═════ LISTED RECORDS

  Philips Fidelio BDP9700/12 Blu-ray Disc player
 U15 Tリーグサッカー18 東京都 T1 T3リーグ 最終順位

══════════
═════ LISTED RECORDS

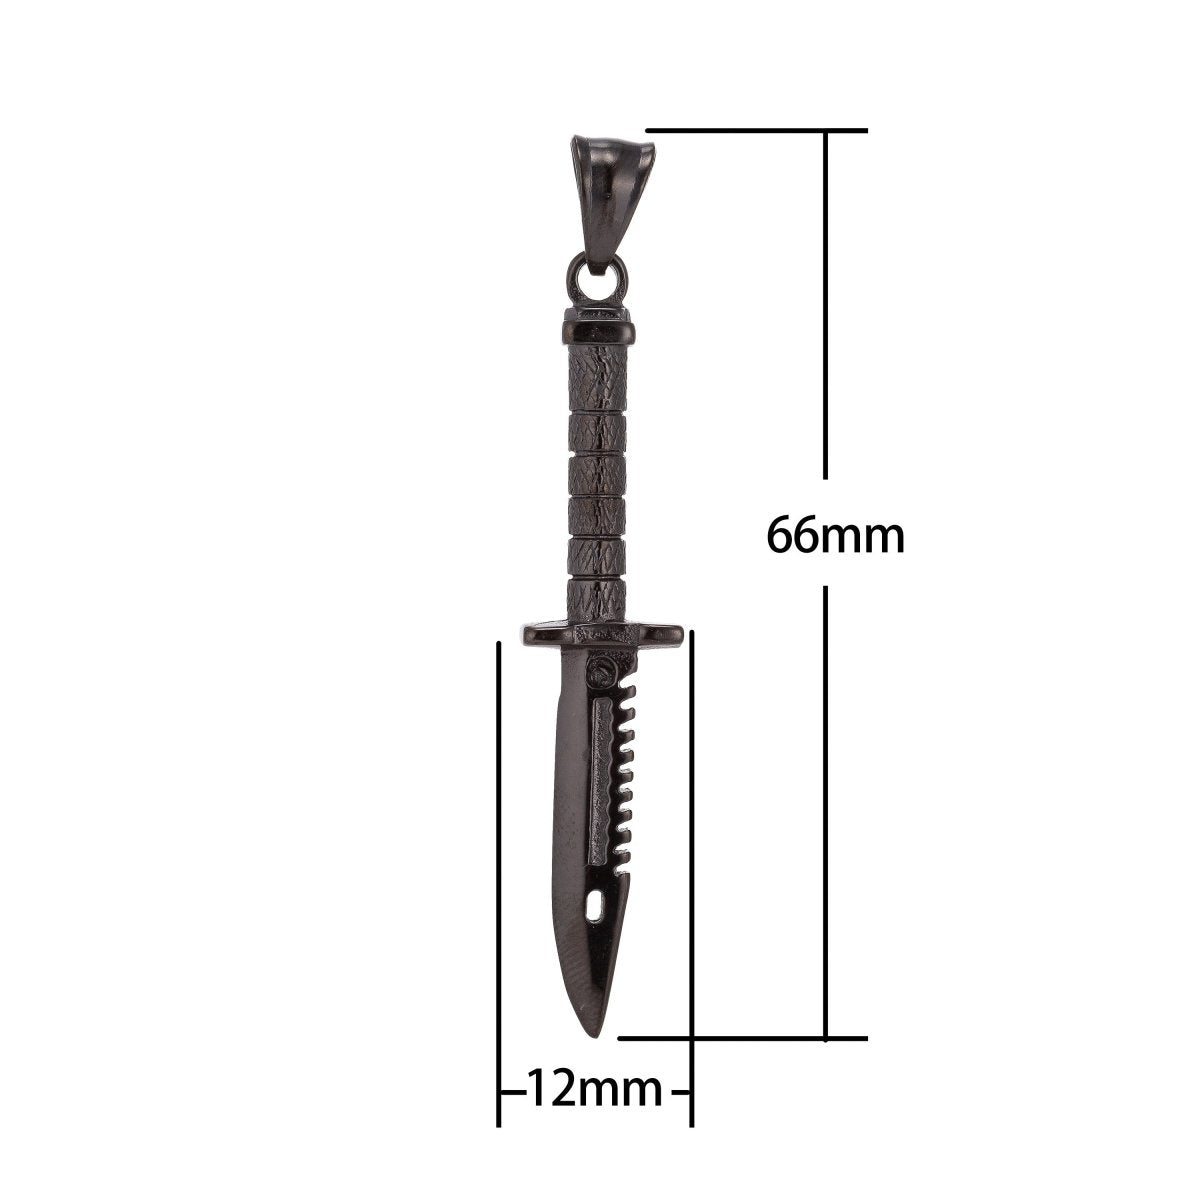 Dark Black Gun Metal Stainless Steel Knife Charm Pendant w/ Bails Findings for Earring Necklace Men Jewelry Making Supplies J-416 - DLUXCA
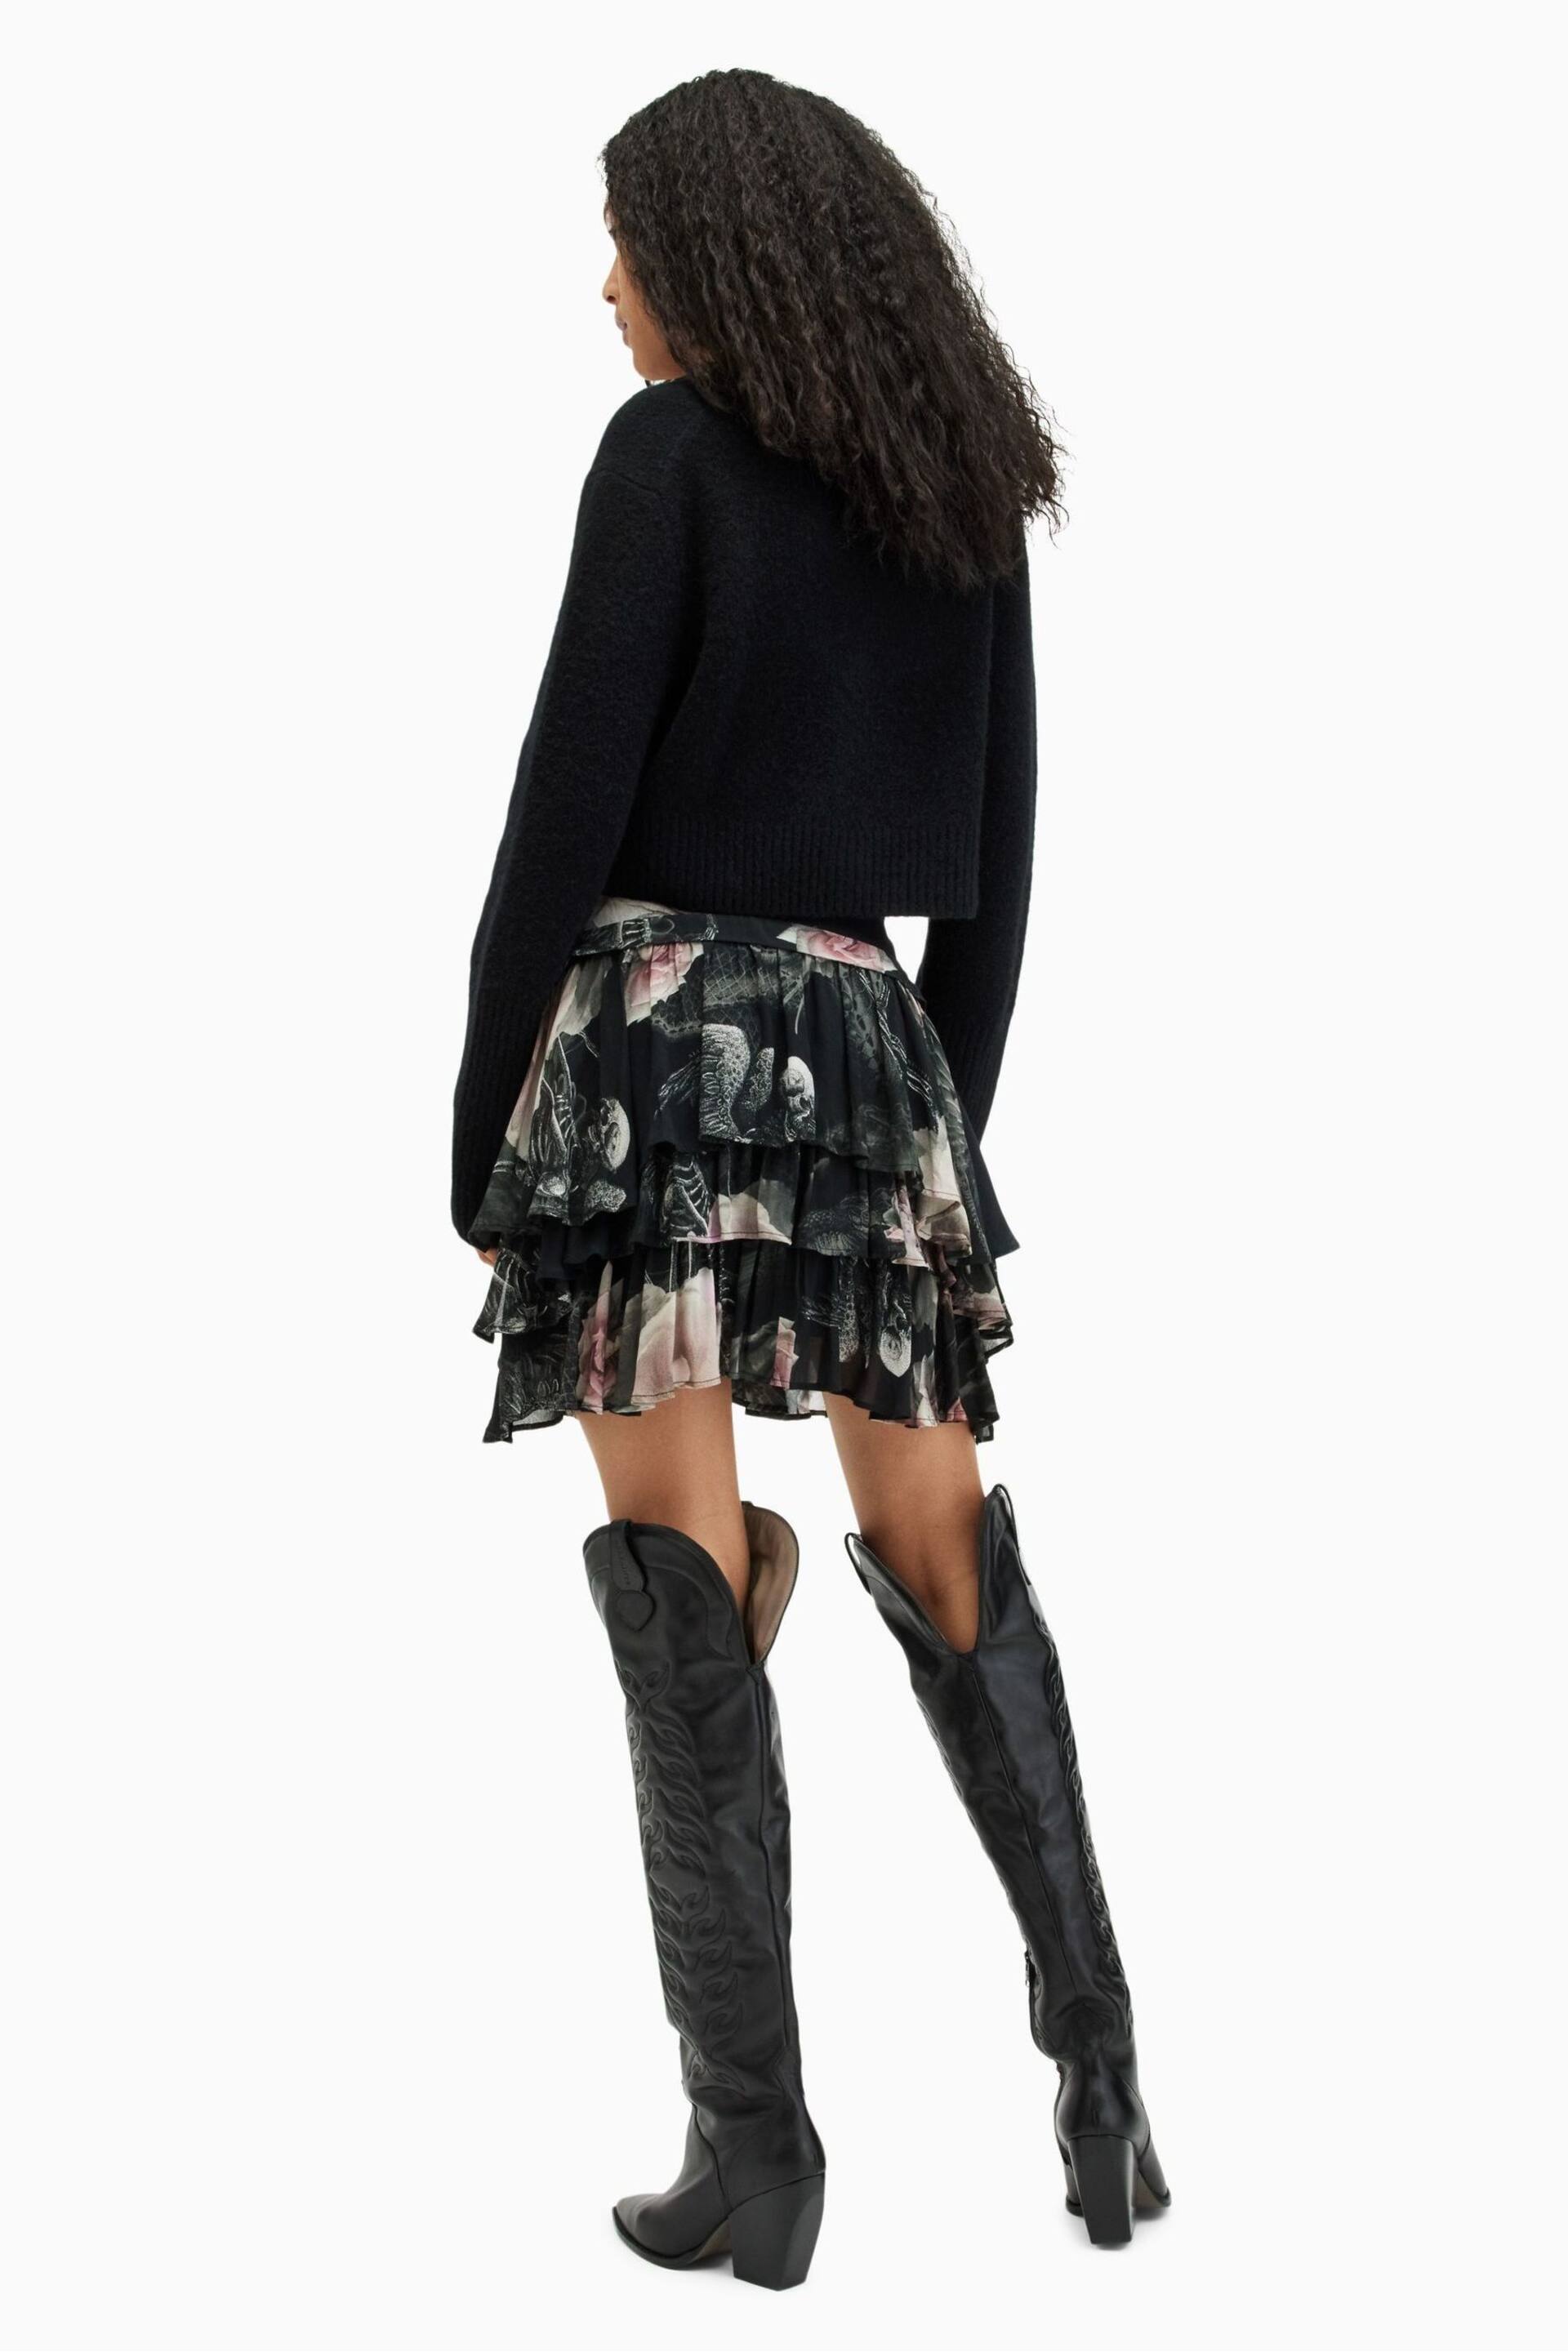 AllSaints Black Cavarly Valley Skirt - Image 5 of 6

══════════

• **WORK REQUEST**
The lines above from the one with "Philips Fidelio BDP9700/12" through the one with "U15 Tリーグサッカー18 東京都 T1 T3リーグ 最終順位" are to be duplicated exactly, ends included, with nothing added.

• **RESULT FOR THIS TASK**
  Philips Fidelio BDP9700/12 Blu-ray Disc player
 U15 Tリーグサッカー18 東京都 T1 T3リーグ 最終順位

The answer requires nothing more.